The NC Council of Churches is proud to publish a brand new e-book collection of testimonies from Moral Mondays. With 32 short vignettes from North Carolinians across the state, Voices of Moral Mondays tells the story of everyday folks being motivated to speak out on account of their faith. Many, though not all, of the accounts describe what it was like to engage in civil disobedience and be arrested by the authorities. Click here to download the free e-book.
By Laurel Green, Charlotte
There is a bond between people who are arrested together performing civil disobedience. It grows from a soil of shared experience and blossoms into a garden of interwoven visions.
There are way too many reasons I felt compelled to take a stand as a part of Moral Mondays. From the privatization trend in our state to the outrageous intrusions on women’s choices, from the dismantling of safety nets to the destruction of our environment, to the attempts at ripping away progress in civil rights, to the shredding of our public education system, the list is long and horrifying. North Carolina is being used as a petri dish right now by groups like ALEC; if we cannot stop them, surely other states will follow.
But I suspect that most of you who’ve found your way to these words already know these things. So instead I will share what it was like for me to participate in civil disobedience with 150 of my new dearest friends.
Those of us who had decided to risk arrest met ahead of time in a church where general info was given and questions were answered. Together we sang, prayed, laughed and prepared. This was one of the most inspiring uplifting parts of the experience, the energy when we left was of hope and commitment.
Almost 2,000 people gathering on the lawn, the heartfelt opening words during the rally, slowly marching by twos together into the NC General Assembly, all these things helped to replace moments of nervousness with pride and resolve.
Time began to alternate between stretching and contracting.

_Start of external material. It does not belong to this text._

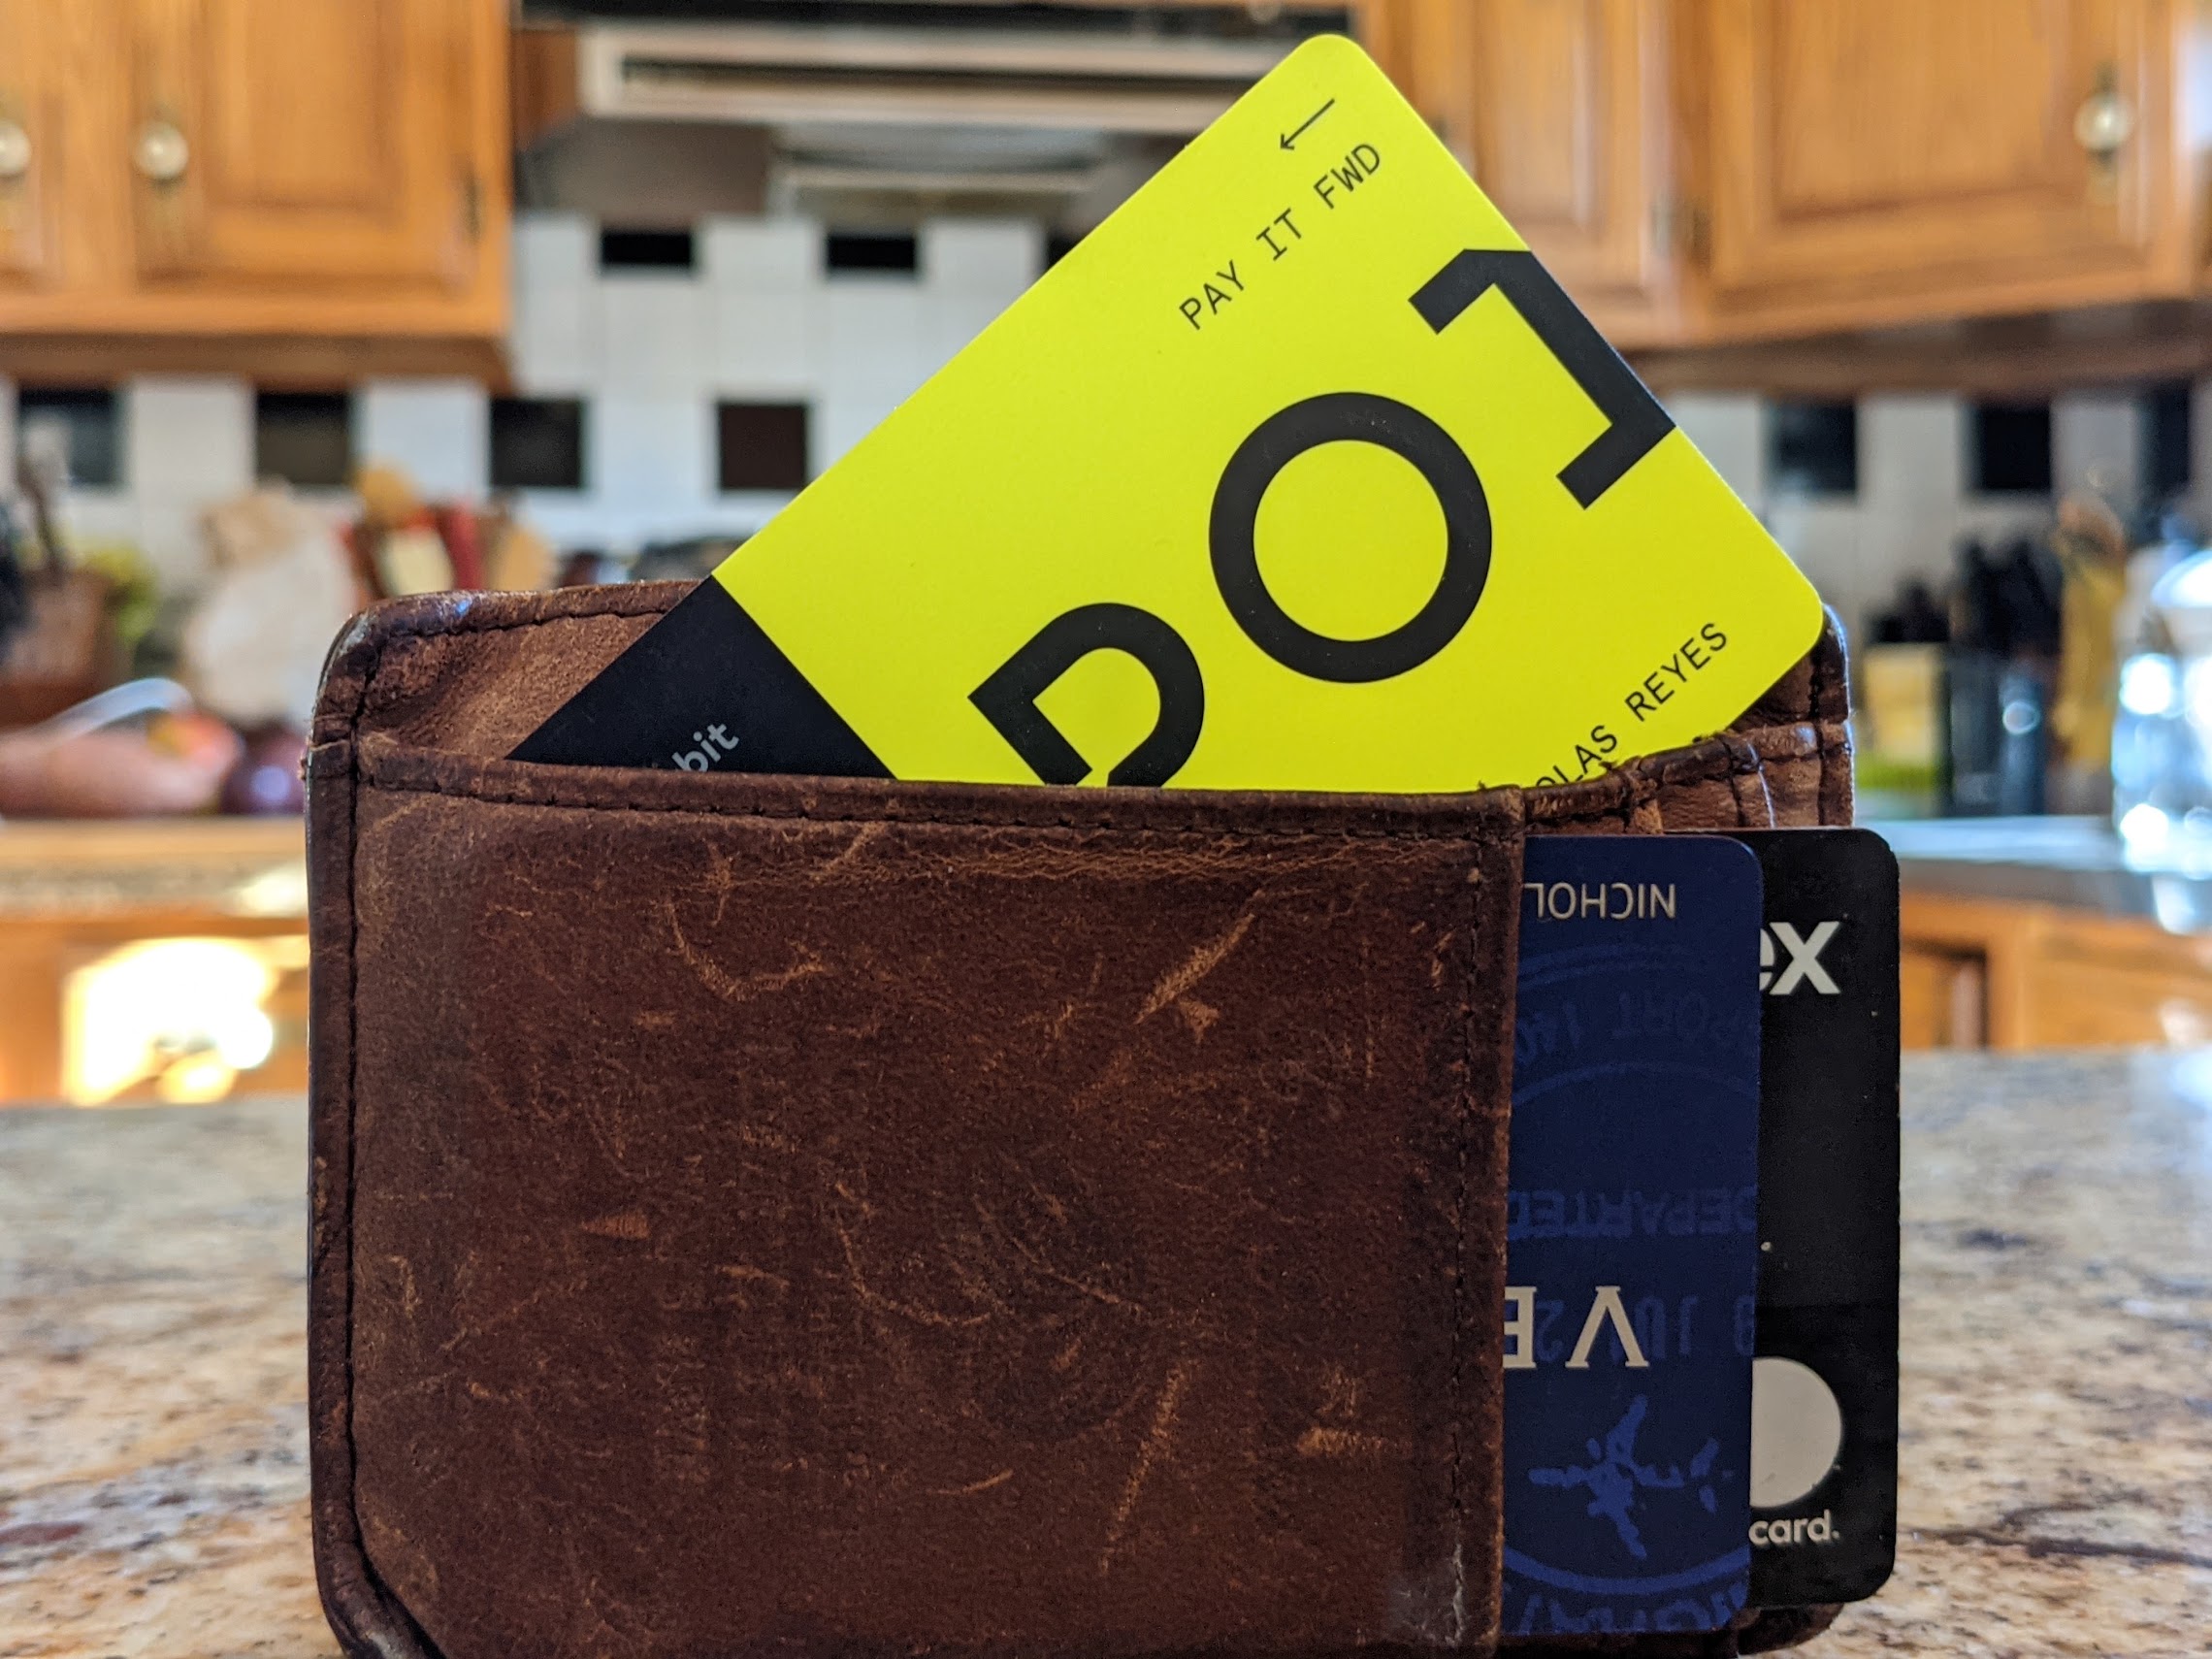 a wallet with a yellow card inside

Climbing the flight of stairs took a microsecond, but the final steps into a bowl of gold doors, fountains, cameras, and uniformed officers took much, much longer.

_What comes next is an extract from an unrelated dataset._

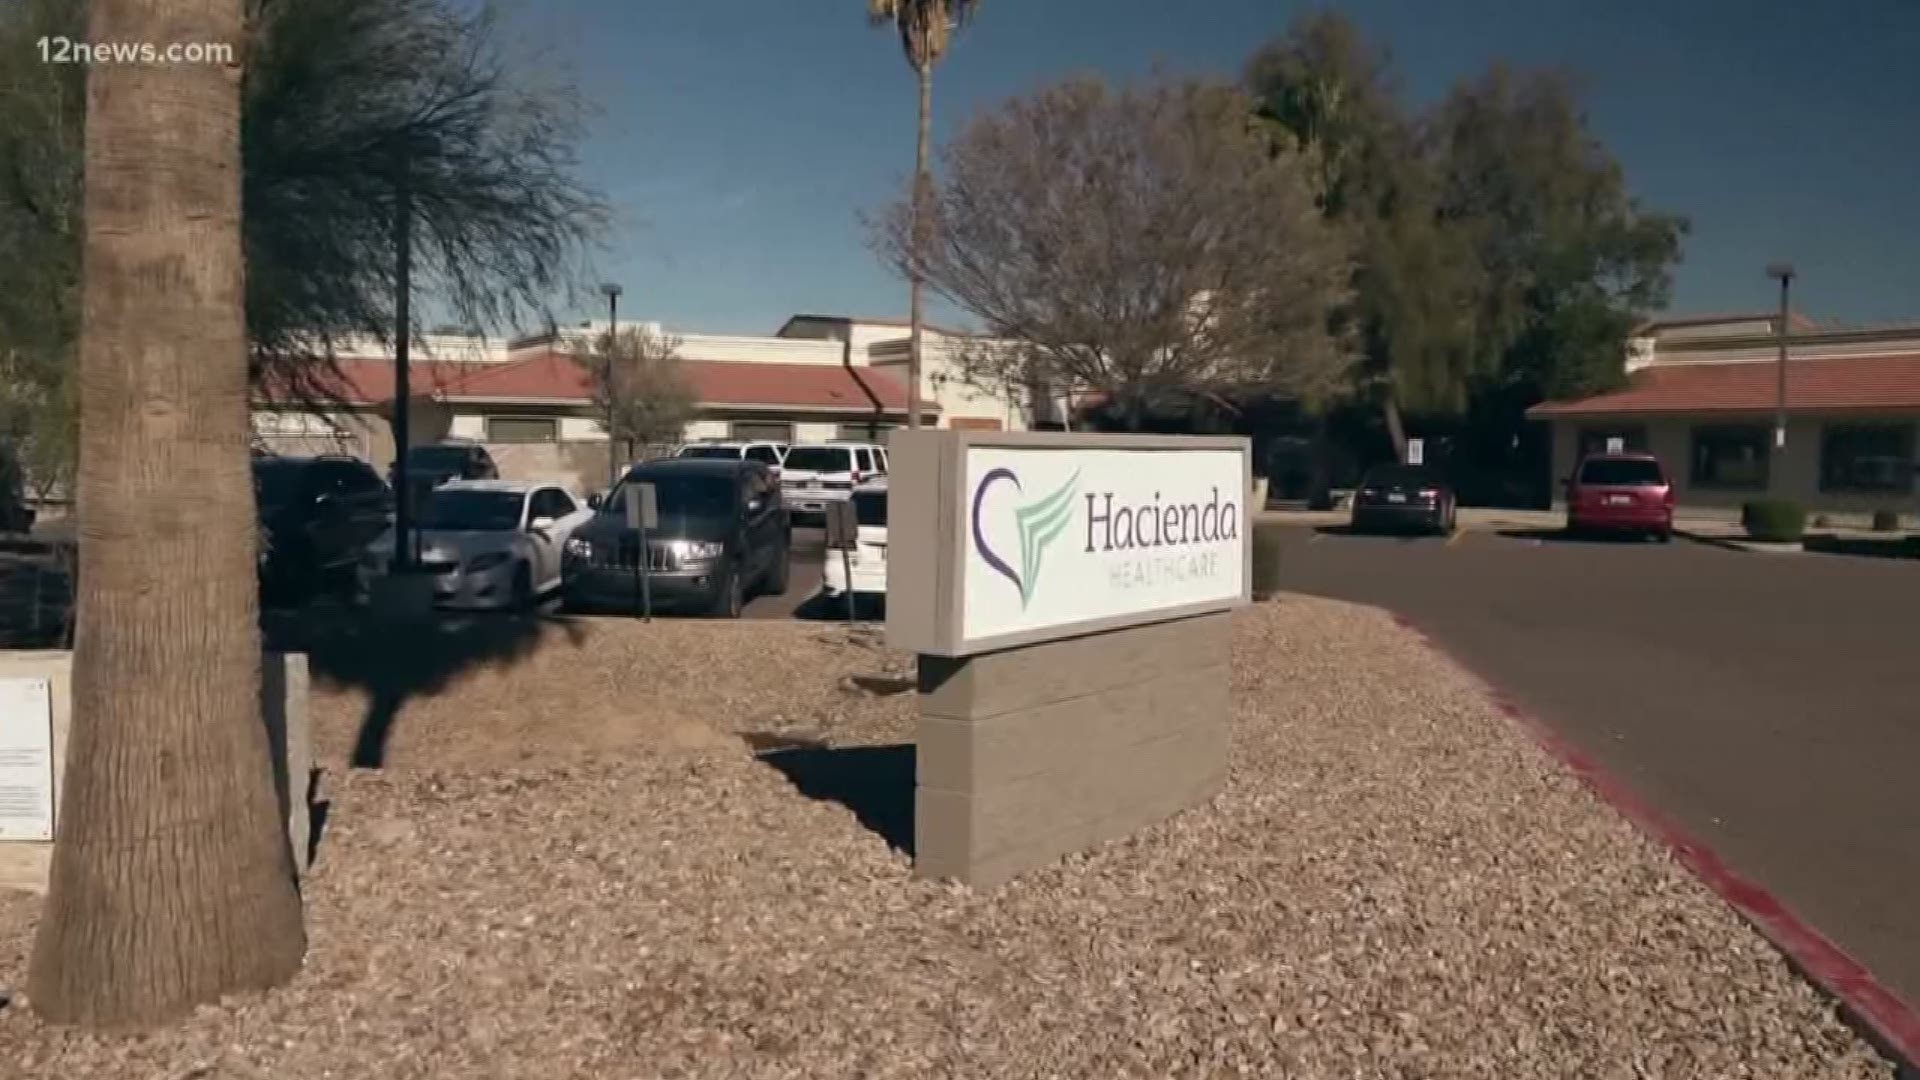 Viewers wanted to know more about the new allegations surrounding the care for an incapacitated woman at Hacienda Healthcare who gave birth in December. We answer three big questions about the condition of another, possible baby, the status of the woman's doctor and if there are other suspects.

The sense of community and shared purpose was so strong as we listened to impromptu speeches and powerful prayers that it was easy to forget what was about to happen. But voices on megaphones and men in tall hats brought the present back into slow-motion focus.
I looked up to find a friend, a trusted ally standing in the galley above. In that moment of solidarity, eyes offering and receiving strength, I felt the support and joy of ancestors who cleared these paths so that we might walk them.
Being arrested is hard. Swallowing anger at injustice, even when you prepare in advance, takes deep breathing. It is also sad. I could feel a deep sorrow behind my eyes that things had come to this.
Being arrested is hard. Swallowing anger at injustice, even when you prepare in advance, takes deep breathing. It is also sad. I could feel a deep sorrow behind my eyes that things had come to this.
Being arrested is also incredibly empowering. The despair I sometimes feel fell away as I put one foot in front of another, taking my place in a line of people with hands bound, boarding a bus singing, heads held high.
As the stress, tension and fear fell away, the giddy humor took over. We did it. We were on a bus that reminded us all of childhood, singing hilarious variations of what were somber songs a few hours earlier. We made jokes that with hindsight were probably unwise under the circumstances, but nothing interfered with our sense of victory in that moment. We decided the beauty of the sunset was in celebration of freedom. We giggled like children as we combined our efforts and opened all the windows.
Being transferred from one grey bench to another, in and out of a dozen different cinder block rooms all painted white provides lots of time for storytelling. Conversations with strangers-that-are-now-your-family range from sharing deeply held beliefs and formative experiences to moments of improv theater that are hilarious and priceless. The uniformed men and women who were our companions in the multi-roomed ballet of grey benches eventually gave up trying to contain their own laughter. Our struggle was not with them; everyone present realized it.
We were tired, hungry, uncomfortable and did I mention tired? We laughed, a lot, but we were also deeply aware of the somber reasons that brought us all together sharing that experience. I know I was not alone in awareness of the privilege that allowed us to have made the choice we did or of the many people we were representing. We worked to keep our spirits high, floating on winds of change, but no one took the day’s events lightly, I suspect we will all carry the experience within for many years.
The final thing I must share is how important it was to feel, viscerally feel, the support and love from those people who surrounded us at every step with their own strength. We knew we were not alone, not for a single moment.
We may come together “in spite of” our differences, but we leave honoring and understanding them as a part of our strength. Forward. Together.